Why Marketplaces Are the Wrong Model

Agent marketplaces are a dead end.

Users do not want to remember, bookmark, or search for specialized agents. They do not want internal spam advertising the “right” agent for each task. This is reminiscent of hosting websites before the dominance of search engines.

Agents should not be stand-alone destinations. You should not have to remember to open an agent. They should be capabilities.

A better model is for agents to behave like plugins or extensions that are enabled behind the scenes, similar to browser extensions (MCP tools if you know that term). Once enabled, they become part of the primary AI experience and are invoked dynamically when appropriate.
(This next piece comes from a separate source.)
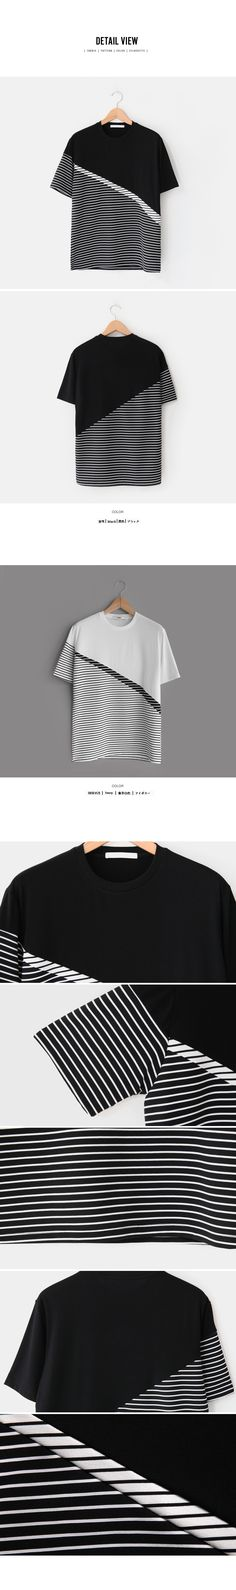 スラッシュボーダー半袖Tシャツ・全2色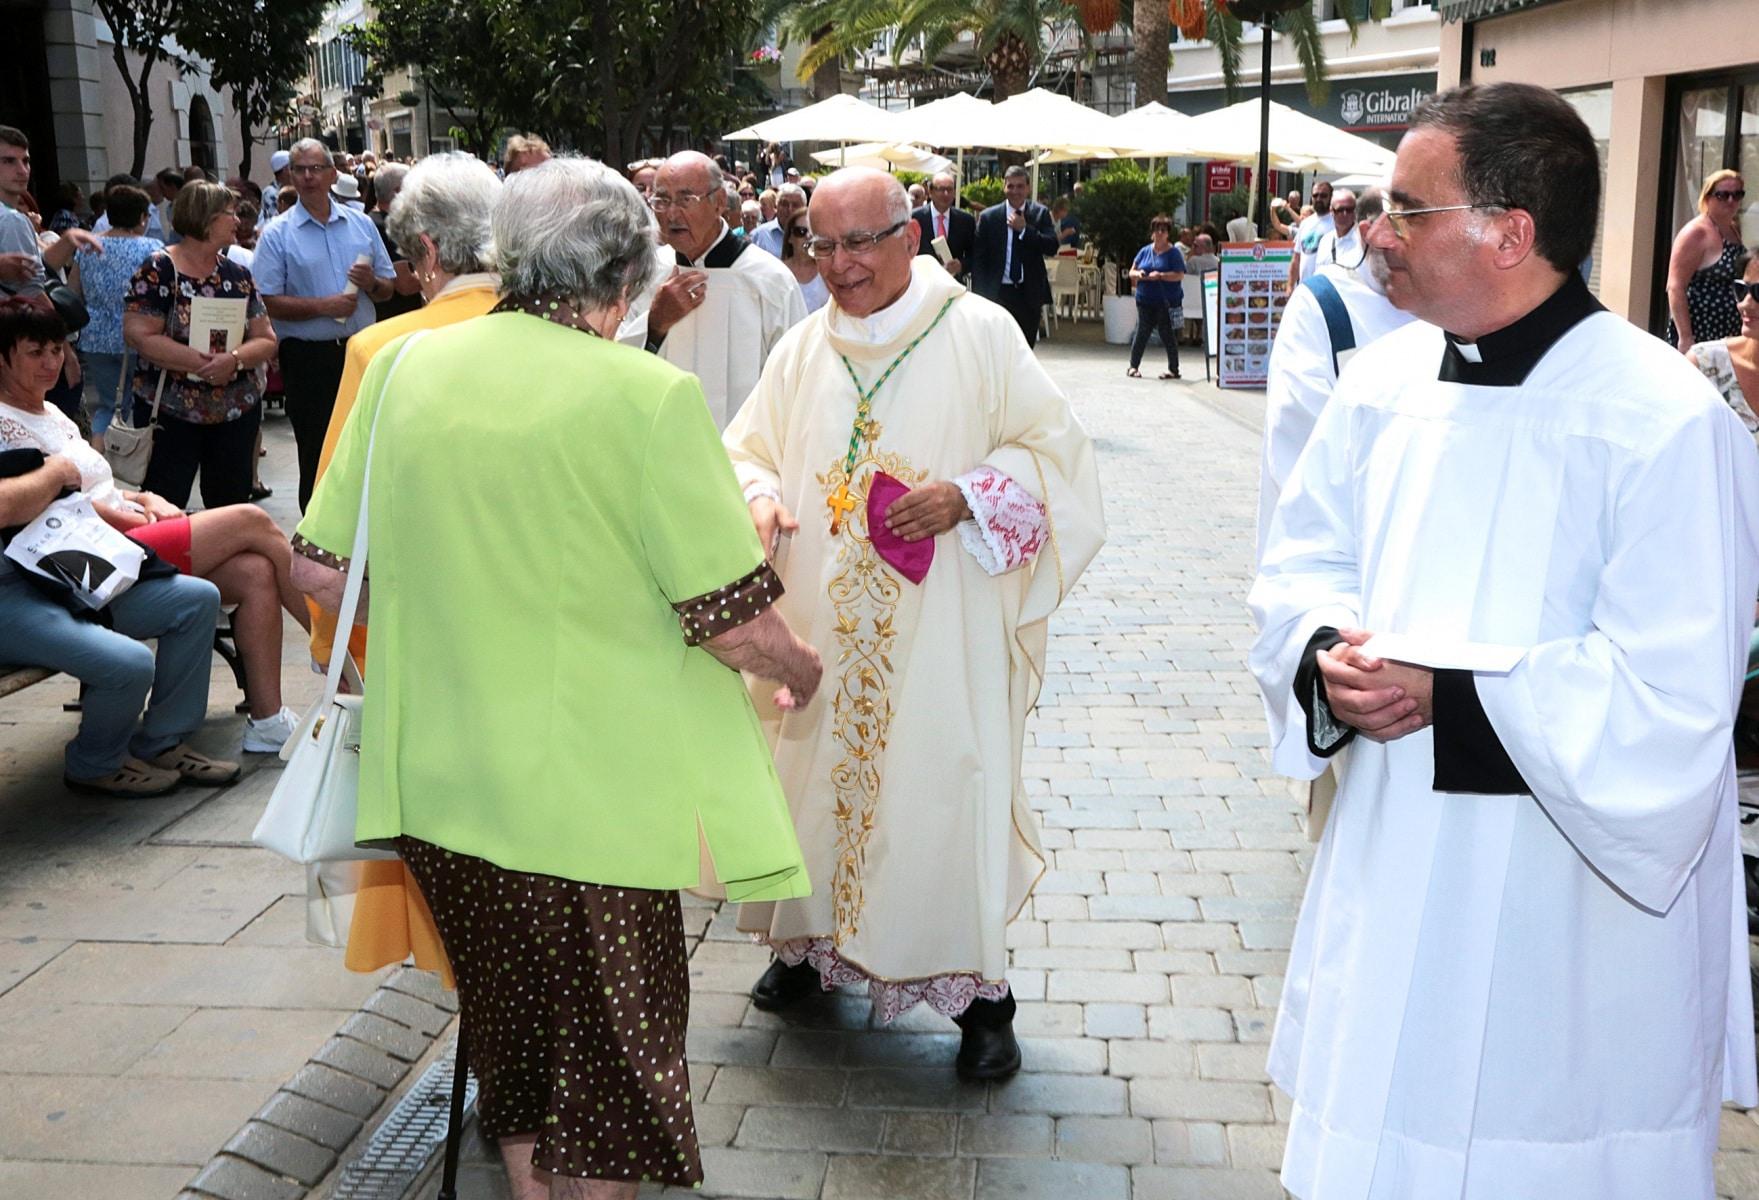 24-sep-2016-toma-de-posesin-de-carmelo-zammit-del-cargo-de-obispo-de-gibraltar_29845564232_o

Microsoft Security Copilot already leans in this direction. Custom agents there have descriptions and triggers. The core LLM can select the appropriate agent based on user intent or present options when needed, without forcing the user to remember which agent to use.

That is the right direction.

Where We Should Go Next

Agent builder tools need to get smarter. Creation workflows should actively discourage low-value agents. Before publishing, builders should be shown how their agent compares to the base model and whether it actually adds capability. The creation of meaningless agents should be stopped early.
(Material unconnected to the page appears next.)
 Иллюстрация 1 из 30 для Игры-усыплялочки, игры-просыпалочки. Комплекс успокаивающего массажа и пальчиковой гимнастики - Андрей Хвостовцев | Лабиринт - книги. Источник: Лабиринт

We also need more action-oriented workflows. Many agents today are little more than chatbots with loose guardrails and some extra data. Agents should take action. They should send reports, respond to emails, schedule tasks, and run repeatable processes. A news agent that automatically delivers a weekly briefing is far more useful than one that simply answers questions.

These basic agents should fade into the background. Users should interact with a single primary AI interface. The system should decide which agents to use, not the human.

Because honestly, nobody wants to manage an agent collection. We just want the AI to do what we ask from one place.